К нам постепенно вернулось мужество. Мы решили осмотреть дом. Моника хотела сначала позвонить в полицию, но это можно было сделать и потом. Сейчас нами владела жажда приключений. Мы осторожно начали обход. Прошли по всем комнатам. Везде царило такое же разорение, но в остальном ничего необычного мы не обнаружили.

— Вы заметили, как издалека доносился лай Бианки, когда она вошла в дом? — спросил Марсель. — Тут должен быть глубокий подвал.

— Может быть, и настоящее подземелье, — сказала Моника и сама задрожала от страха.

Я рассмеялась, хотя и мне было не по себе. Мы еще раз обошли дом, чтобы найти вход в подвал. Наконец мы обнаружили нужную дверь. Она находилась под лестницей и выглядела, как дверца обычного шкафа. Дверь была прикрыта, но не заперта. Мы осторожно заглянули внутрь. Вниз вела крутая лестница. Поискали выключатель, но ничего не нашли.

— В комнате я видела свечи, — вспомнила я. Марсель кивнул. Мы быстро принесли свечку. Моника зажгла ее, пытаясь в то же время удержать нас от дальнейших поисков:

— Вы же не собираетесь в самом деле туда спускаться? Я не пойду ни за что!

— Ладно, — решил Марсель, — тогда жди нас наверху с Вилли и Наполеоном. А мы с Кирой берем Бианку и Мани и осмотрим подвал.

Я с удовольствием осталась бы с Моникой, но одновременно было очень любопытно, что же мы обнаружим внизу. И не хотелось давать Марселю повод посмеяться надо мной. Ведь он только-только начал принимать меня всерьез. Мы медленно спускались по ступенькам. Подвал, наверное, был очень старым. Стены из голого камня в колеблющемся свете свечей выглядели таинственно.

И вот мы внизу. Это было большое помещение, заваленное всякой рухлядью, со множеством стеллажей вдоль стен, на которых стояли консервы и маринады. Потолок низко нависал над головой. Марселю даже пришлось пригнуться. Мы осторожно оглянулись. Я не замечала ничего необычного.
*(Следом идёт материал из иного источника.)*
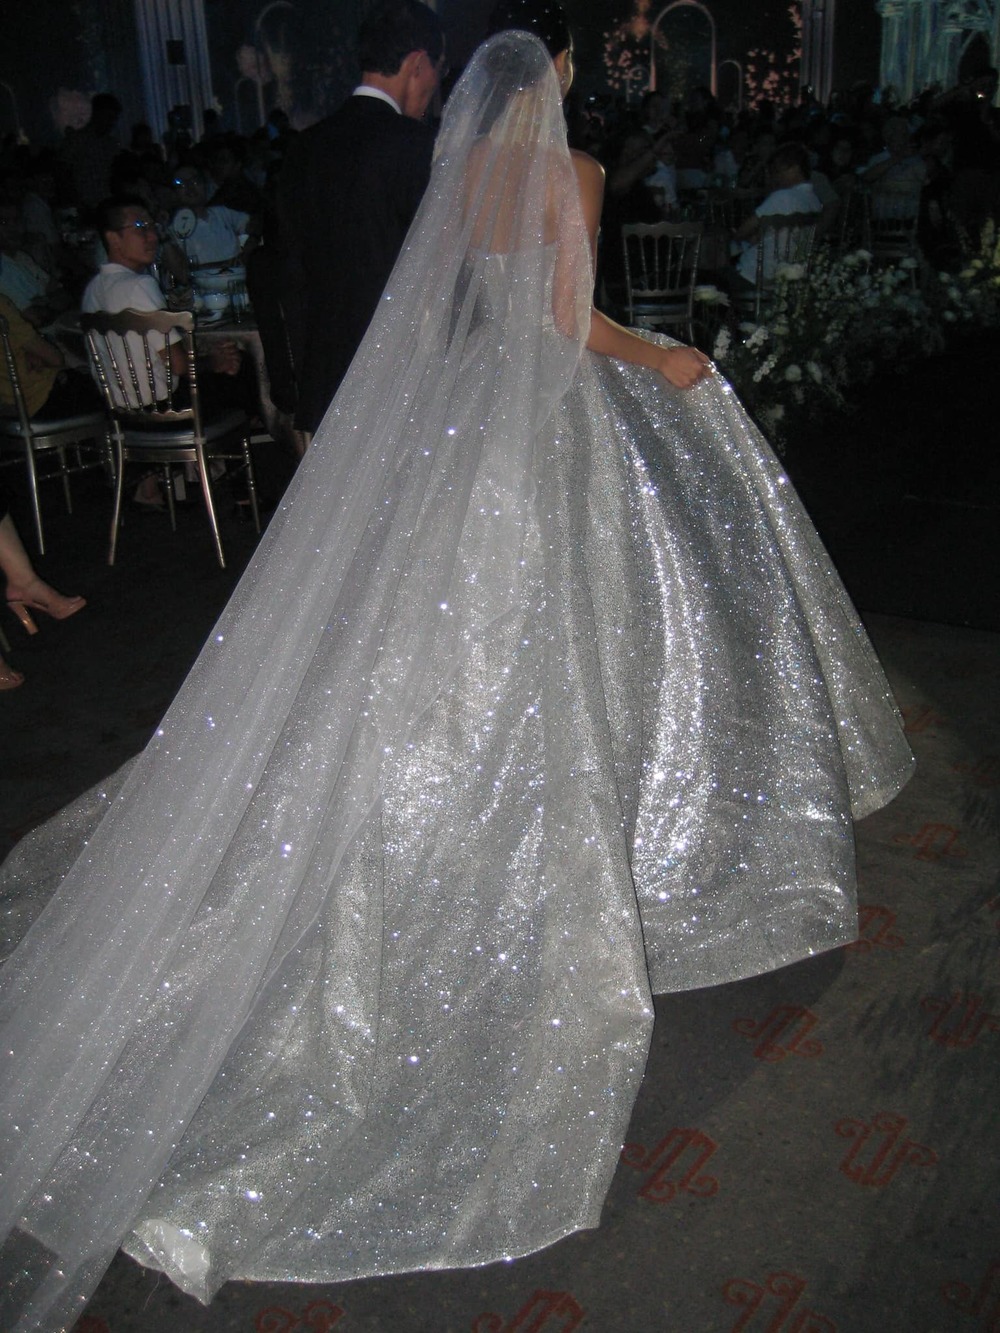  
 Mỹ nhân Hà thành hoá công chúa với chiếc váy đính kết kim tuyến lấp lánh. (Ảnh: FB Kieu Ly Pham)

— Ничего нет, — прошептала я.

Но Марсель указал на маленькую дверцу в стене за стеллажами. Молодец! Я бы ее ни за что не заметила. Мы сдвинули стеллаж, стараясь, чтобы с него не упала ни одна банка. Дверца оказалась запертой. На лице Марселя ясно читалось разочарование:

— Ничего не поделаешь. А жаль. Очень хочется узнать, какие секреты скрываются за этой дверью.

— Наверное, там спрятано сокровище, — на ходу придумала я.

— Ну да, там лежит столько же денег, как в форте Кнокс, — усмехнулся Марсель.

В этот момент Бианка ткнулась носом мне в ногу. В зубах у нее что-то темнело. Я присмотрелась внимательнее. Это был ключ. Бианка вильнула хвостом и положила ключ на пол.

— Умная собачка, — похвалила я. — Ты, наверное, часто приносила ключ для своей хозяйки.

Марсель медленно открыл ключом дверь. Мы посветили туда свечой. Открывшееся нашим глазам помещение было гораздо меньше первого, и в нем ничего не было, кроме старого сундука, сколоченного из крепкого дерева и обитого железом. Сундук был заперт на замок. Марсель подошел и осмотрел его.

— Я открою его за секунду, — засмеялся он. — Детская задача. Я слегка сомневалась, имеем ли мы право заглядывать в сундук. Но Марсель уже вытащил свой перочинный ножик и принялся ковырять замок.

— И ты занимаешься развозкой булочек, — засмеялась я. — Да ты же настоящий преступник.

— В этом деле я был бы не последним, — ответил он. Он откинул крышку, заглянул внутрь и присвистнул: — Ого, теперь мне понятно, что здесь хотели найти взломщики.

Я тоже заглянула в сундук. Там лежала целая гора бумаг, толстая пачка пятисотевровых купюр, аккуратные стопки золотых слитков. Слитки меня прямо ослепили. Не верилось, что они, в самом деле, золотые. Марсель был прав. Именно это, видимо, искали взломщики.

— Что нам делать? — озабоченно спросила я. — Оставить все здесь? А вдруг взломщики еще вернутся? Марсель ненадолго задумался:

— Да, ты права! Обязательно нужно вызвать полицию, и она возьмет сокровища под охрану. Но сначала мы точно запишем, что находится в сундуке. Предосторожность не повредит:

Мы взялись за работу. Все было тщательно пересчитано и записано. Когда все было готово, мы еще раз пробежали список: пятьдесят тысяч евро пятисотевровыми купюрами, двадцать пять золотых слитков, семьдесят восемь золотых монет, сто шестьдесят три сертификата, папка с письмами и выписками из счетов, мешочек с шестнадцатью драгоценными камнями, золотая цепочка и семь золотых колец.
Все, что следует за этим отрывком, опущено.